Pick out every line of the entries below where "aquamarine" occurs, and copy those lines.

Data for the task |
---+---

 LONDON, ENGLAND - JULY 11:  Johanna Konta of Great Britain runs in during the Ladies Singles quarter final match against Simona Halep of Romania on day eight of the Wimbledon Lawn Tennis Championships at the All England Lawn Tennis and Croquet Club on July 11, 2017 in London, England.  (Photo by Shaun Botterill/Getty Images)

---+---

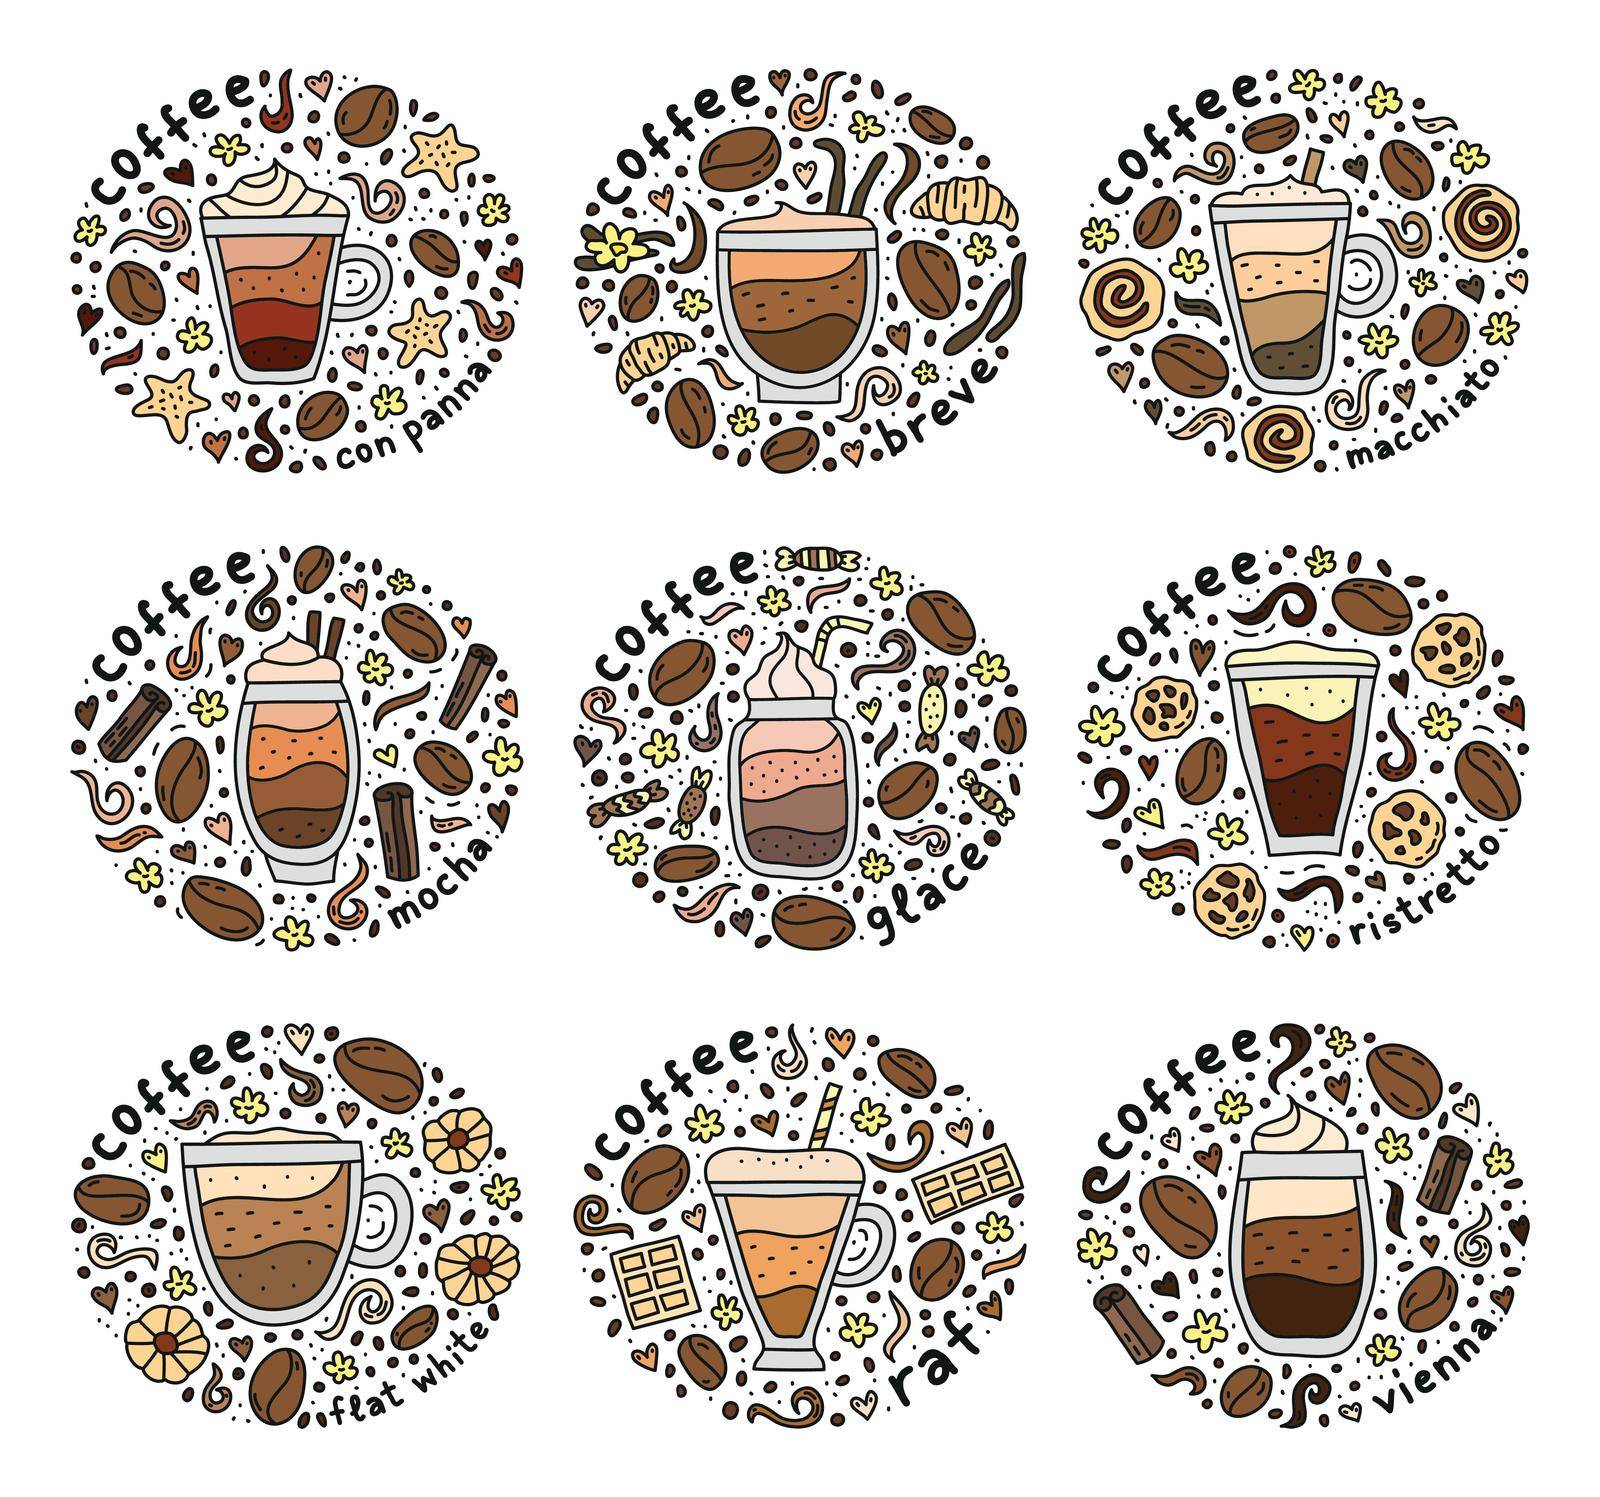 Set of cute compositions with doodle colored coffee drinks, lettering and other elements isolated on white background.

---+---

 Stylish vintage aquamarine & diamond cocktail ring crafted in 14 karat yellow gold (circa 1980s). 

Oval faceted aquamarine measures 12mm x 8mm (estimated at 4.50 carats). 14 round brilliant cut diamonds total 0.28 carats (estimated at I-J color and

---+---

Response to this exercise |
 Stylish vintage aquamarine & diamond cocktail ring crafted in 14 karat yellow gold (circa 1980s). 
Oval faceted aquamarine measures 12mm x 8mm (estimated at 4.50 carats). 14 round brilliant cut diamonds total 0.28 carats (estimated at I-J color and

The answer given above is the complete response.